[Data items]
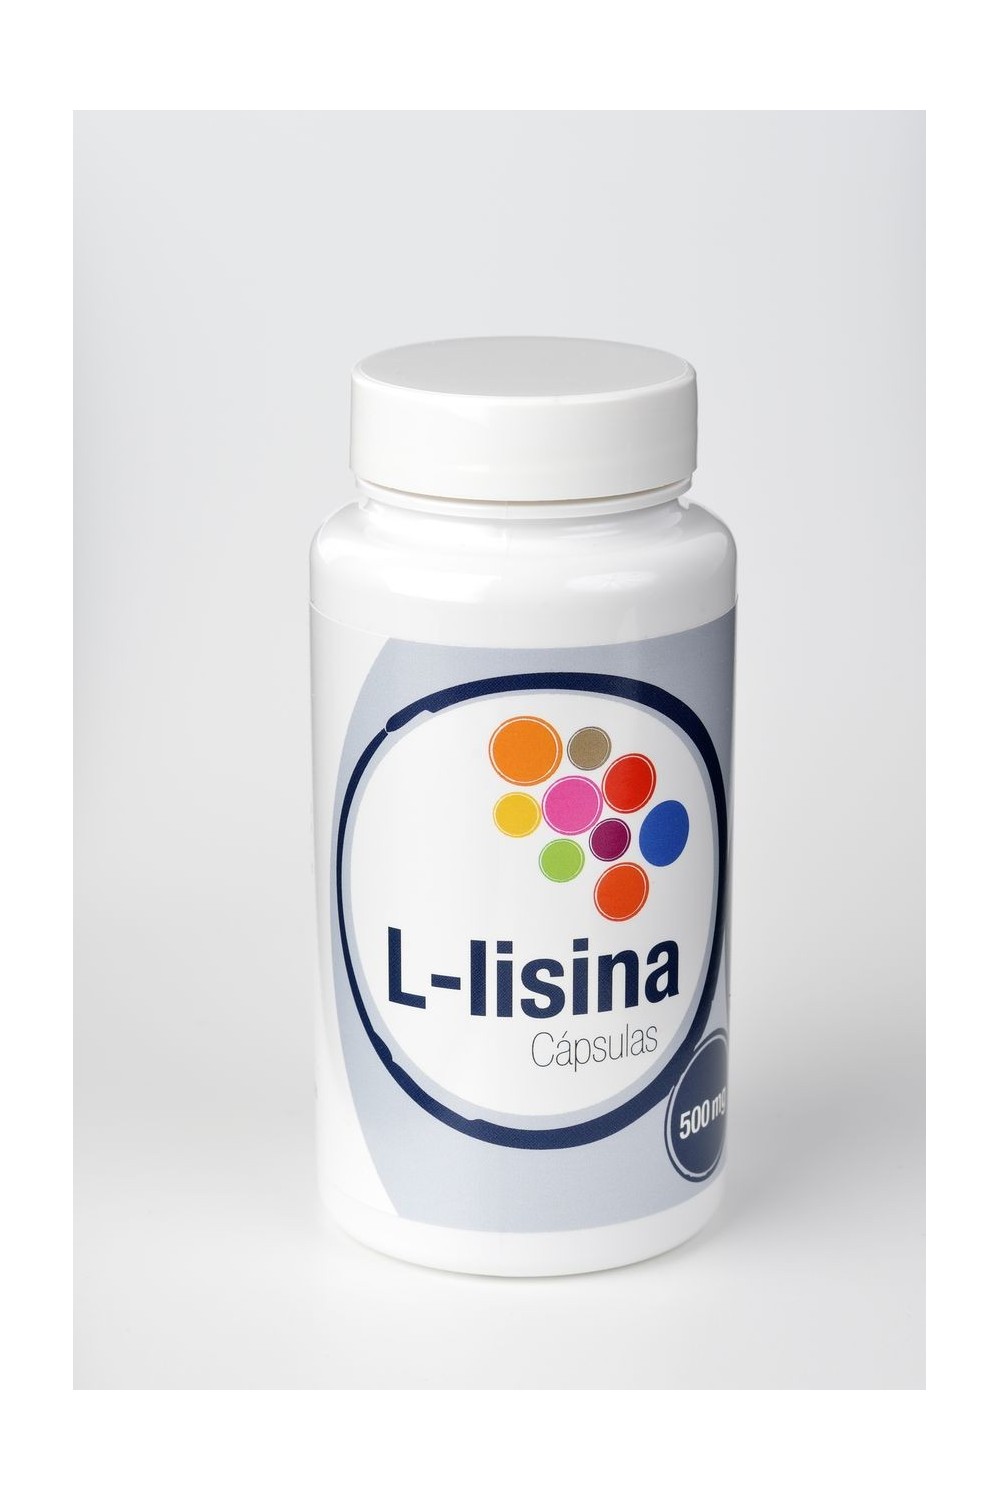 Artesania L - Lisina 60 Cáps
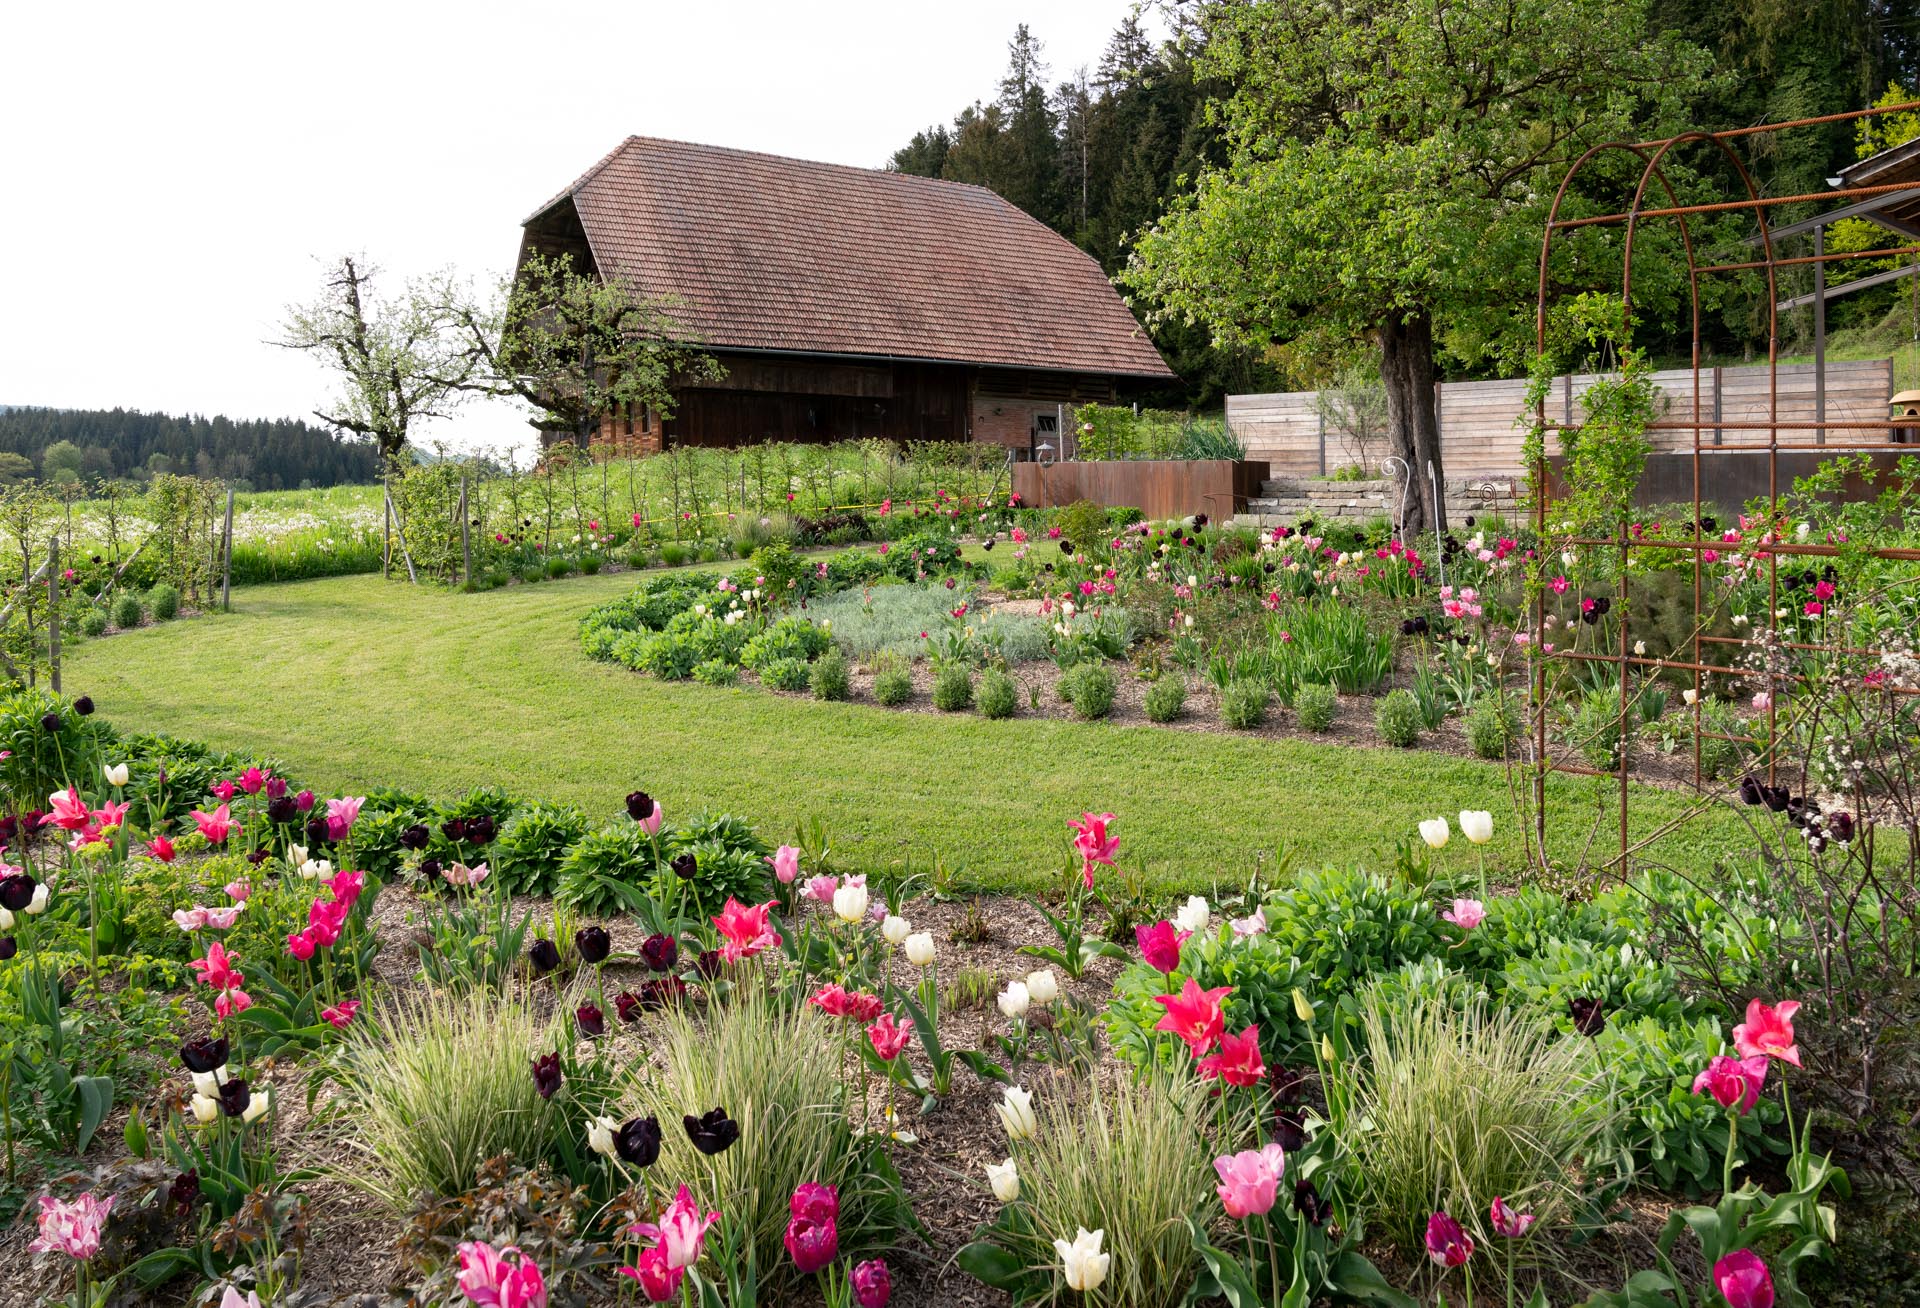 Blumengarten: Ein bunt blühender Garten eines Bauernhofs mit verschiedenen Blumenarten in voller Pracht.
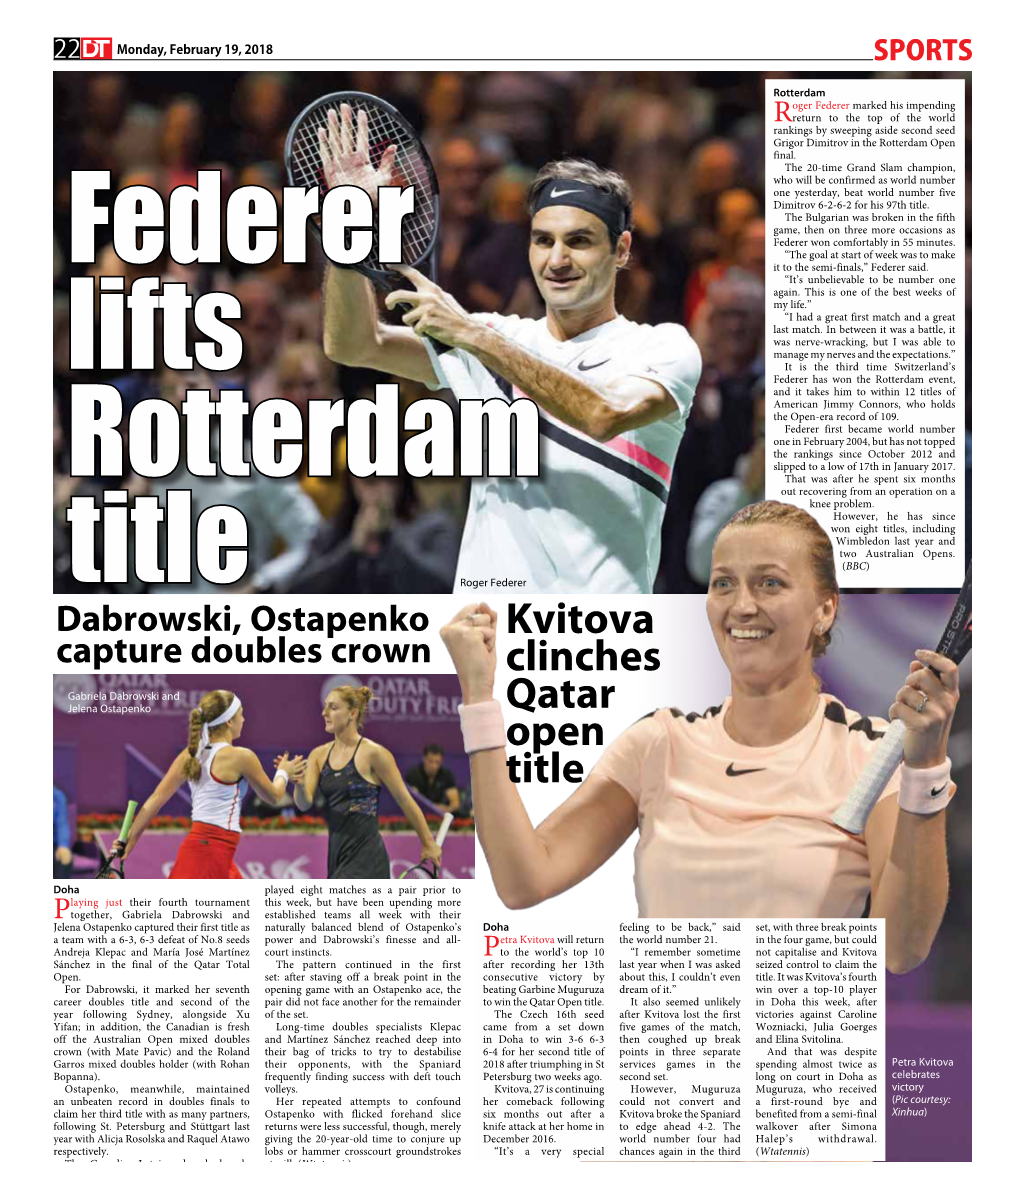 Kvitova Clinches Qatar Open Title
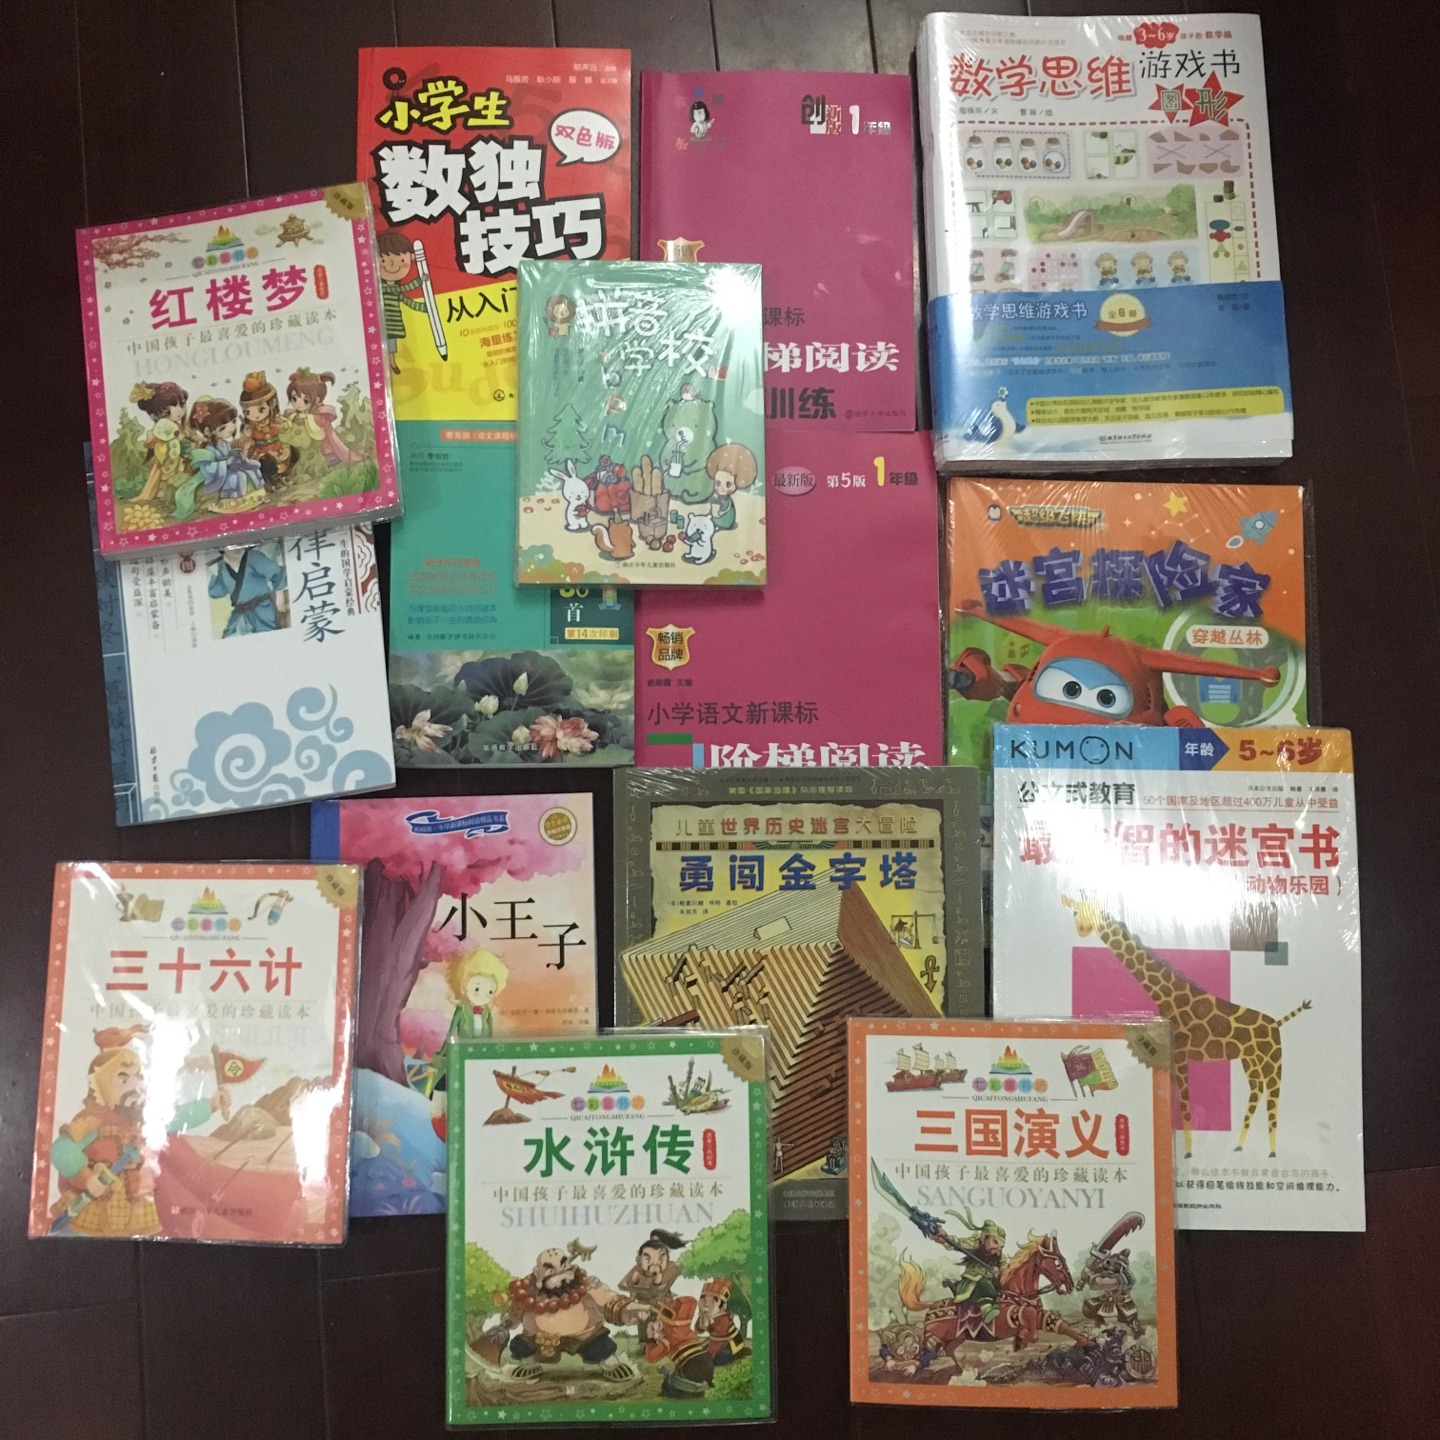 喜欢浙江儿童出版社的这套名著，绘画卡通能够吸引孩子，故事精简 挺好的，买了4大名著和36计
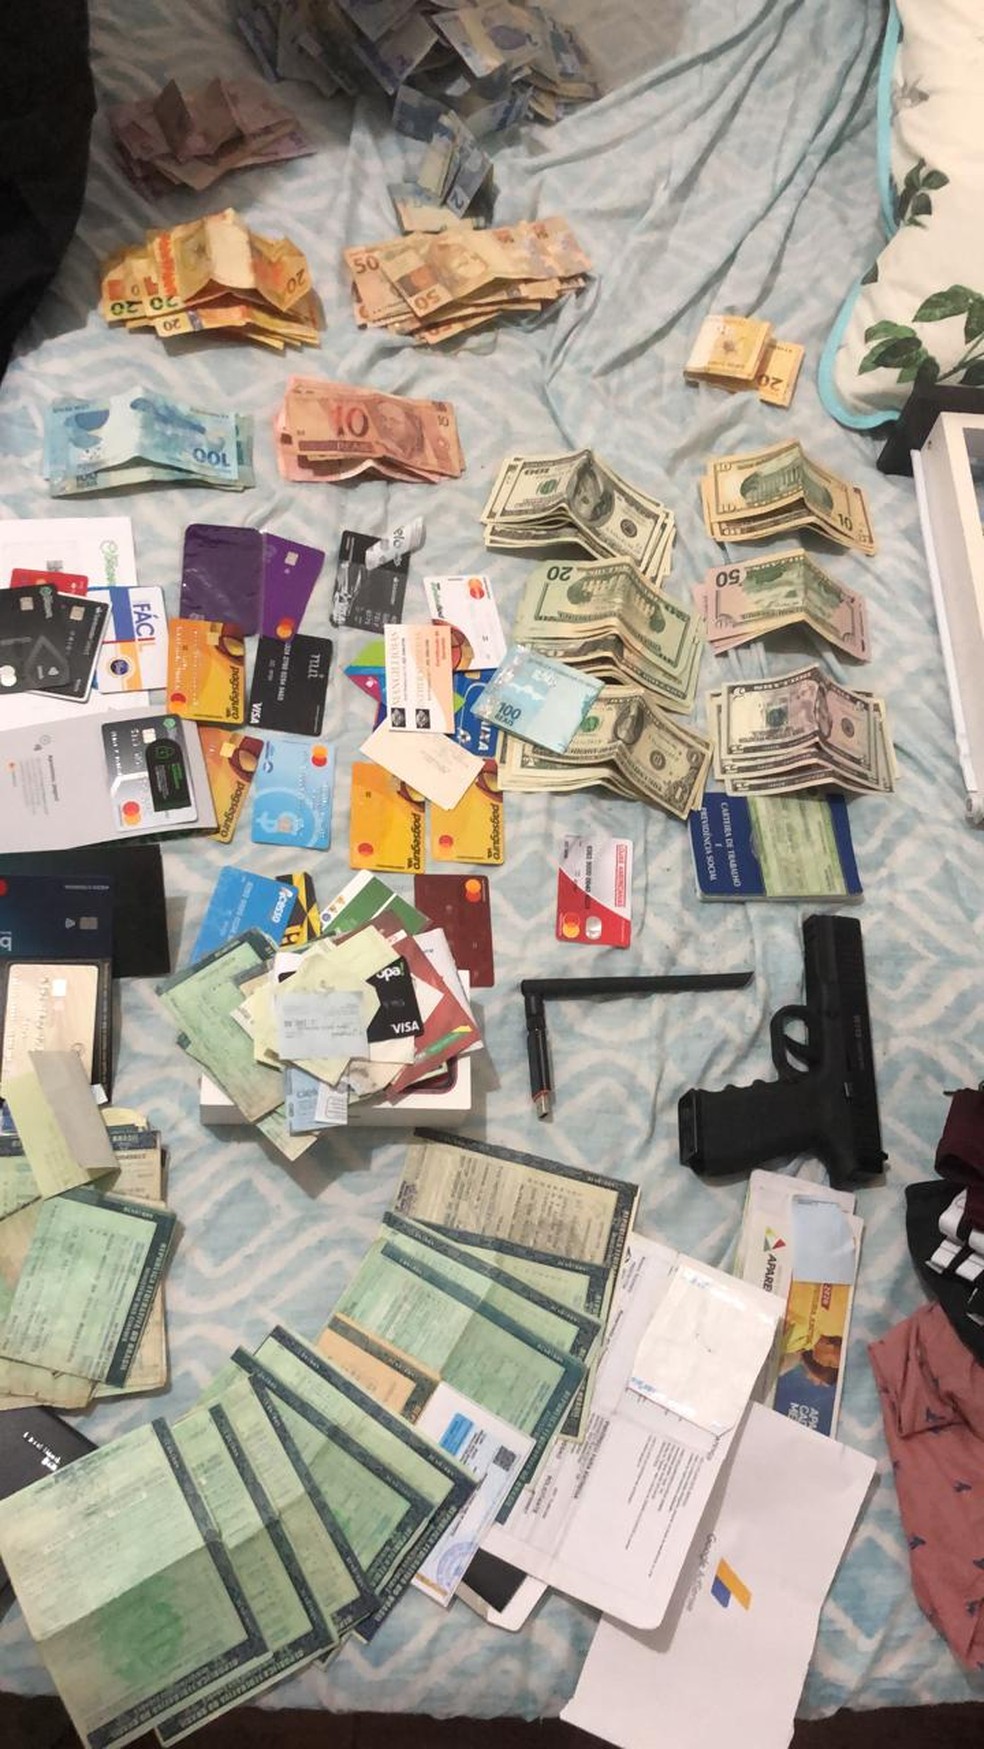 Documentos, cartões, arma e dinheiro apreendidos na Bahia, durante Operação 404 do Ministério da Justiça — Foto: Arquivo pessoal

**Description of the task:**
Nothing but the lines from the line containing "Kvitova Clinches Qatar Open Title" through the end of the records belongs in the answer, written out exactly, both ends included, without pictures.

**Solution for this problem:**
 Kvitova Clinches Qatar Open Title
 喜欢浙江儿童出版社的这套名著，绘画卡通能够吸引孩子，故事精简 挺好的，买了4大名著和36计
 Documentos, cartões, arma e dinheiro apreendidos na Bahia, durante Operação 404 do Ministério da Justiça — Foto: Arquivo pessoal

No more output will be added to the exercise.